La Coordinadora del Sistema de Acogimiento Familiar, Carla Valeria Bongers, presentó la convocatoria anual del programa conocido como Casa 3, que tiene como objetivo reunir familias solidarias dispuestas a alojar de manera temporal a niños, niñas y adolescentes que, por medidas judiciales o administrativas, no pueden convivir con su familia biológica.
“El acogimiento familiar pretende brindar un lugar seguro, amoroso y acogedor, evitando la institucionalización hasta que se resuelva la situación legal de cada niño. Es un puente entre la familia biológica y la declaración de adoptabilidad”, explicó Bongers.

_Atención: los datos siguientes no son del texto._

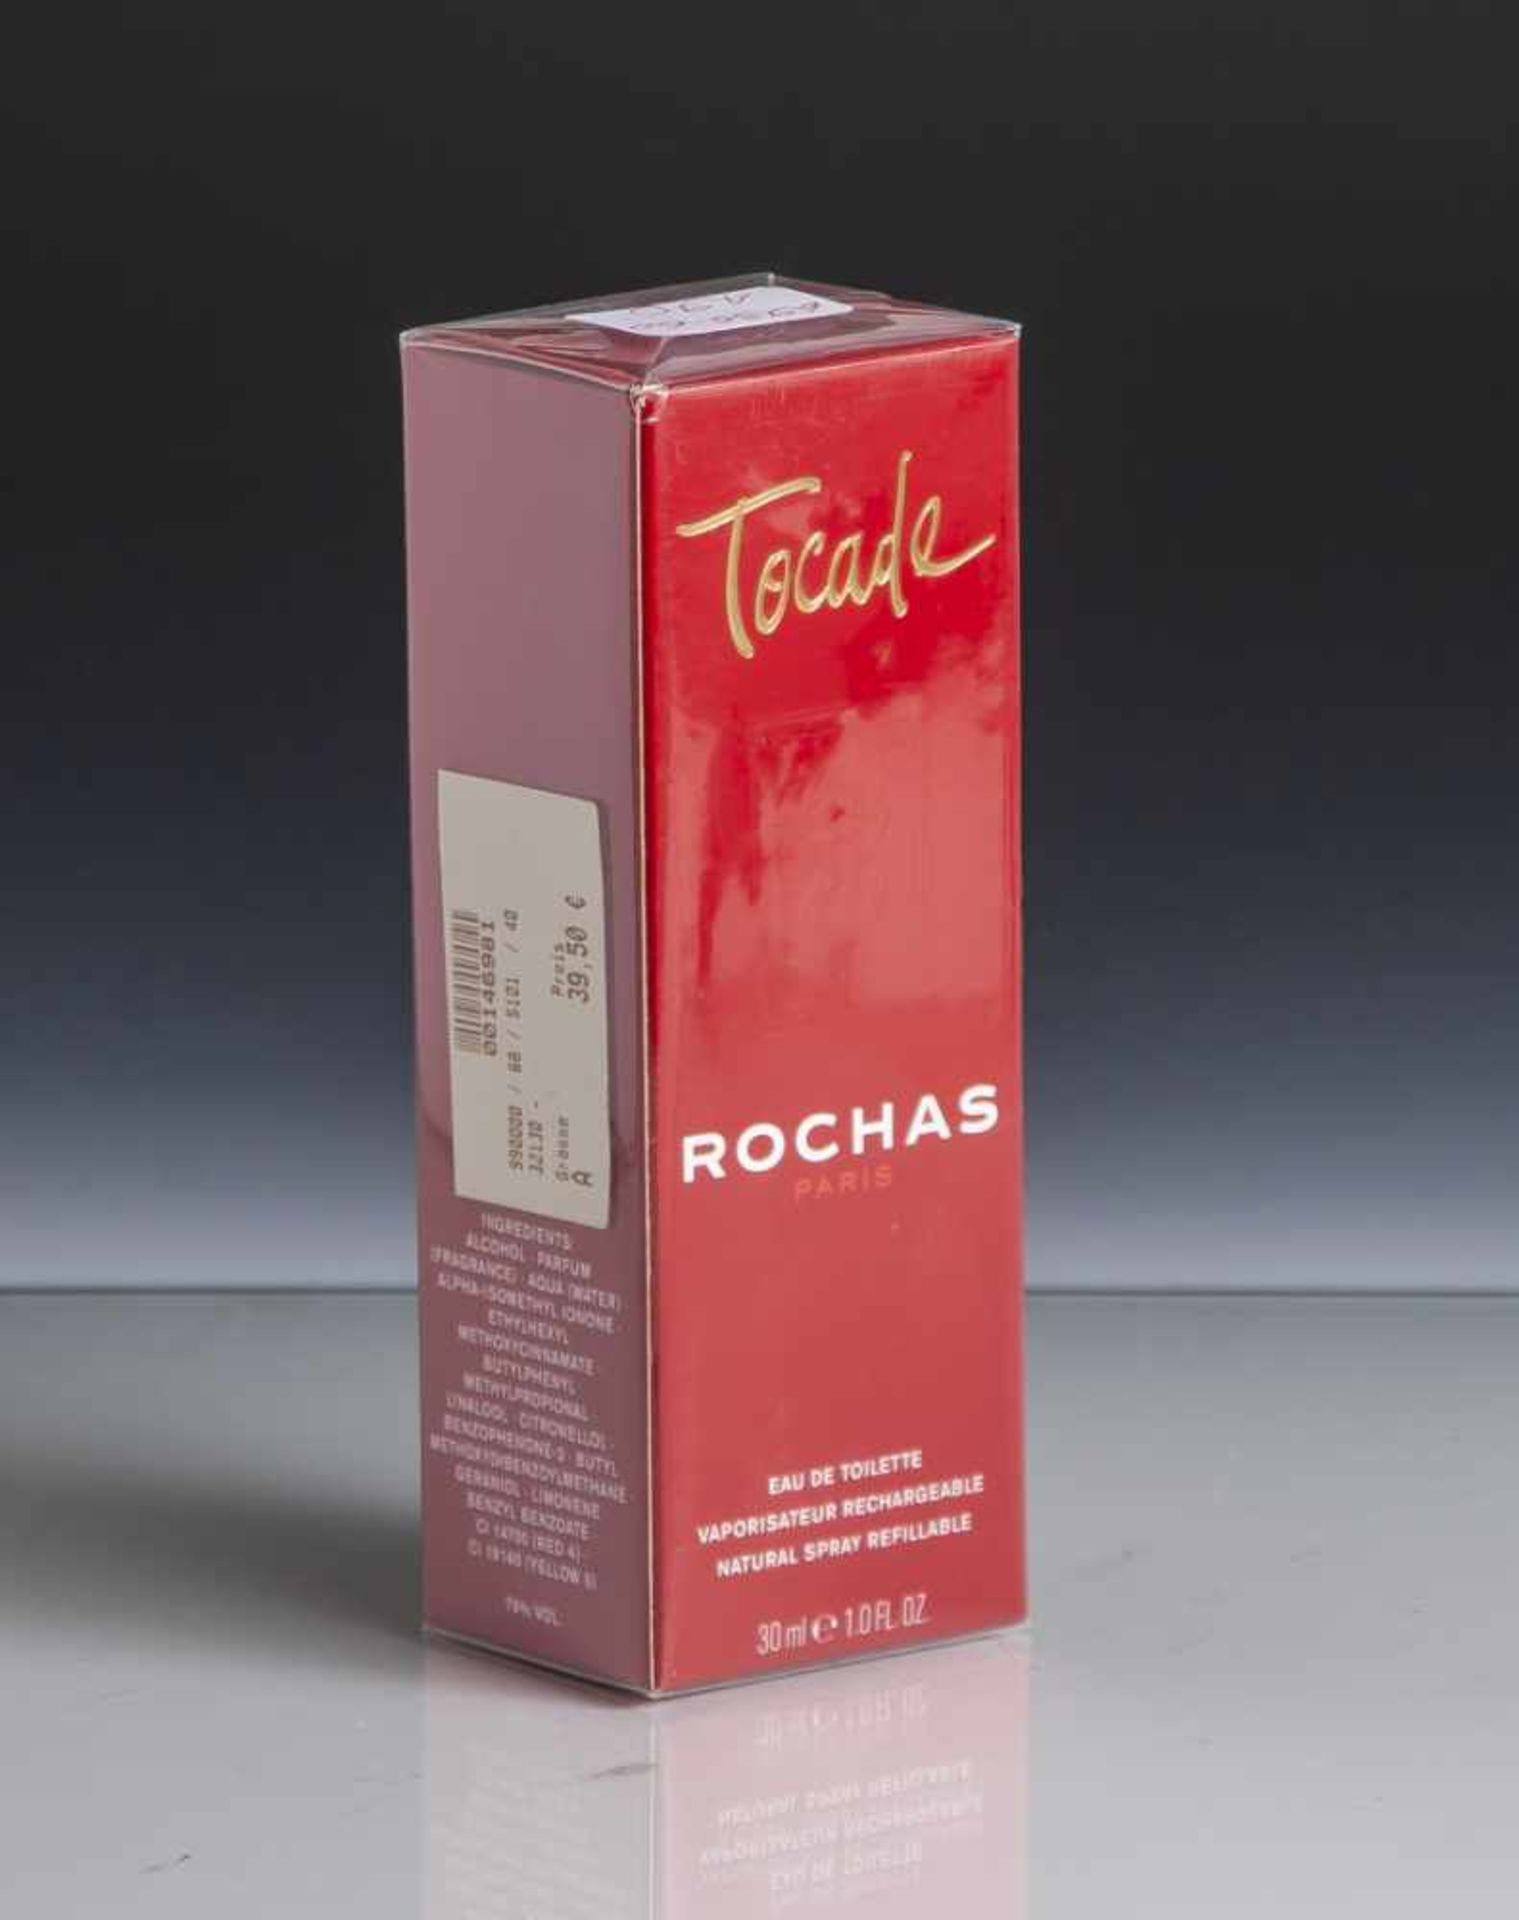 Eau de Toilette, Tocade, Rochas Paris, 30 ml, originalverpackt.

La funcionaria remarcó que las familias de acogida no tienen fines adoptivos, sino que cumplen un rol transitorio y solidario. Para ser parte del programa, los requisitos incluyen: tener más de 25 años, residir al menos dos años en la provincia, no contar con antecedentes penales, poseer libre deuda de alimentantes morosos y someterse a evaluaciones psicofísicas.
Actualmente, muchos niños y adolescentes esperan ser acogidos.
“El ámbito más adecuado para acompañar su desarrollo y sanar vulneraciones de derechos es dentro de una familia. Por eso convocamos a quienes estén interesados y también a quienes puedan difundir la información o colaborar con las familias que ya realizan el acogimiento”, señaló Bongers.
Gracias a la difusión en municipios como Oberá y Apóstoles, se han sumado nuevas familias, aunque la necesidad es mayor en el norte de la provincia. Los interesados pueden acercarse a la Defensoría, escribir al correo [email protected] o comunicarse al WhatsApp 03765-01-3246.
“Es importante que las familias comprendan que el acogimiento es temporal y solidario. El registro único provincial garantiza que cada familia evaluada tenga claridad en su función y en el compromiso que asume”, concluyó Bongers.